Le Pen Concedes, Macron Wins French Election By A Landslide
Emmanuel Macron won France’s presidential election Sunday after his opponent Marine Le Pen conceded shortly after polls closed at 8 pm.
Le Pen called Macron to concede the election after the centrist candidate was projected to have won approximately 65 percent of the vote in the country’s run-off election. Reports showed a low voter turn out for an election that was considered to be a determining factor in France’s future in Europe.
— BBC Breaking News (@BBCBreaking) May 7, 2017
“A new chapter in our long history begins tonight. I want it to be one of hope and renewed confidence,” said Macron after his victory.
Le Pen noted that French citizens voted for “continuity.” She promised to create a “number one opposition force” to counter globalization in France, calling upon “all patriots to join” her new movement.
The 39-year-old Macron is France’s youngest leader since Napoleon Bonaparte and comes into office as a relative unknown with limited political experience as a former economic minister.
Le Pen, a known skeptic of the European Union, has long advocated for a “France-first” policy, specifically regarding immigration and economics. She warned in March that the EU “will die” and promised a referendum on France’s membership in the union.
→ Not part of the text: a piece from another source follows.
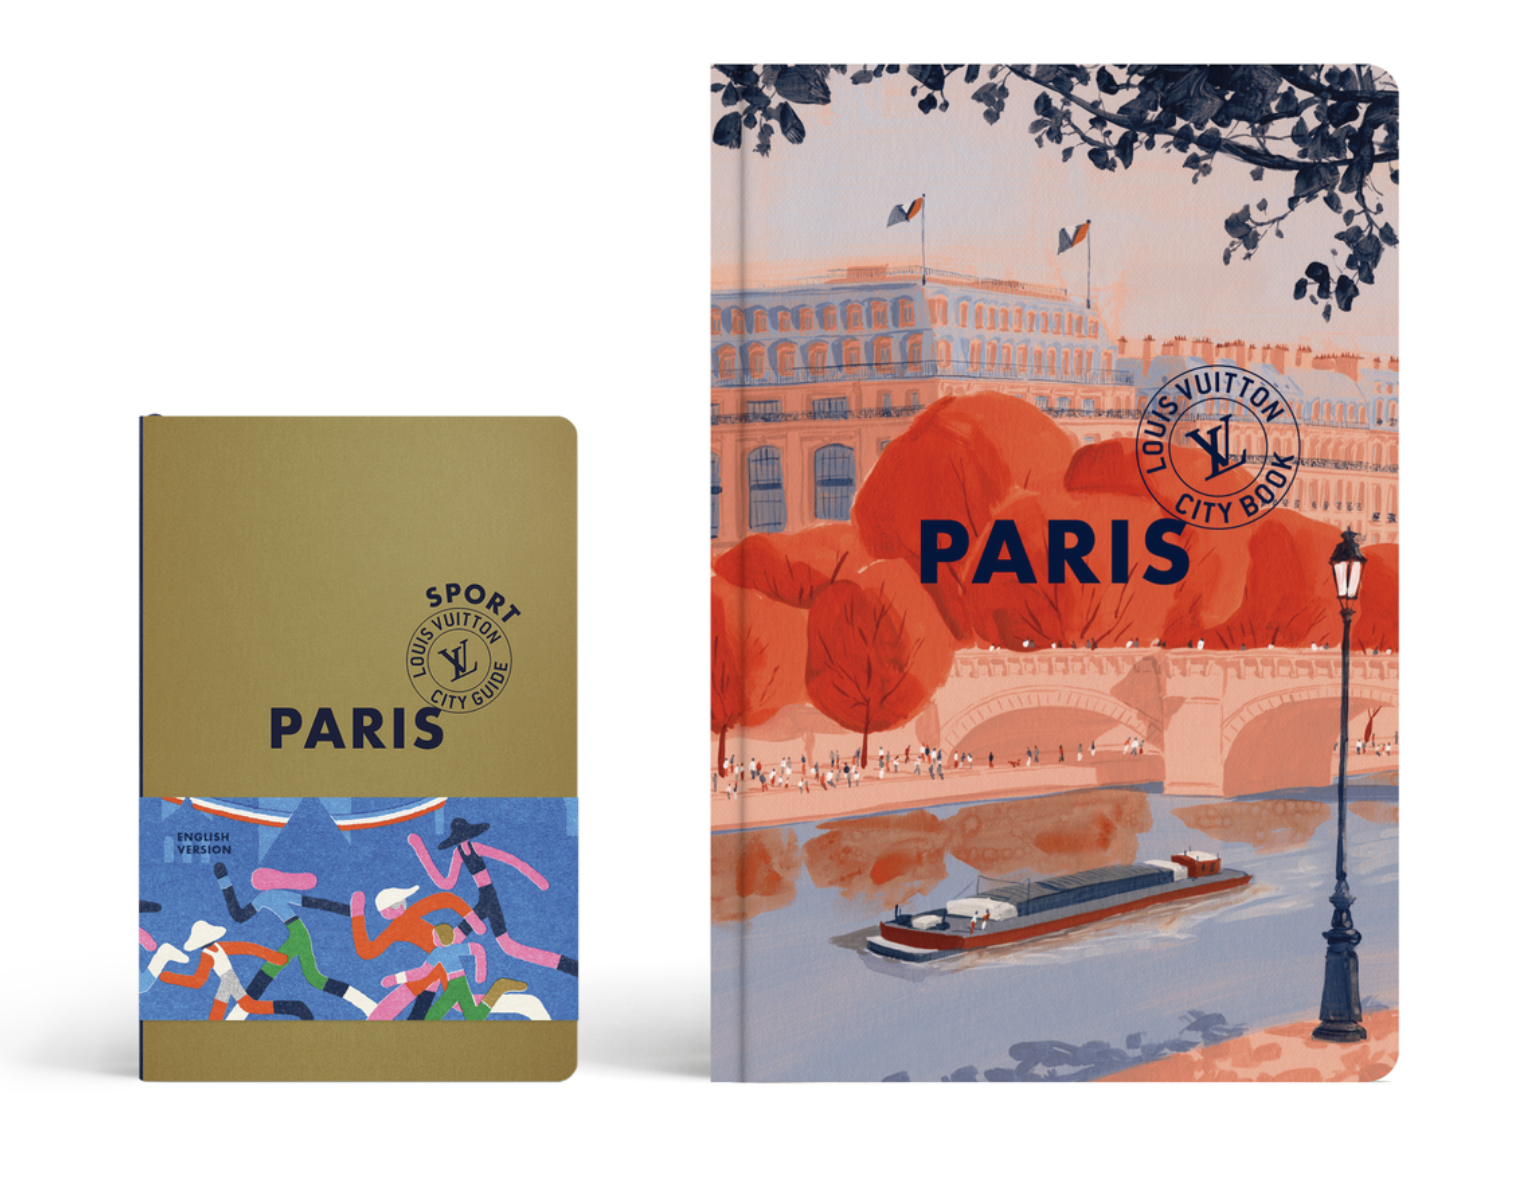 路易威登推出奥运特别限量版《巴黎城市指南》套装

Macron promoted a more pro-business and pro-European policy, although he has called for EU reforms. He told the BBC last week that he would have a “mandate” the day after the election to reexamine France’s place in the union. Failure to do so would lead to a “Frexit” or a win for the National Front, he added.
Macron’s electoral battle is not over. French citizens will once again go to the polls in June for parliamentary elections. Election analysts claimed that Macron would need at least 60 percent of the vote in the run-off in order to properly implement his centrist policies. Le Pen said she will be “at the head” of the fight leading up to the election.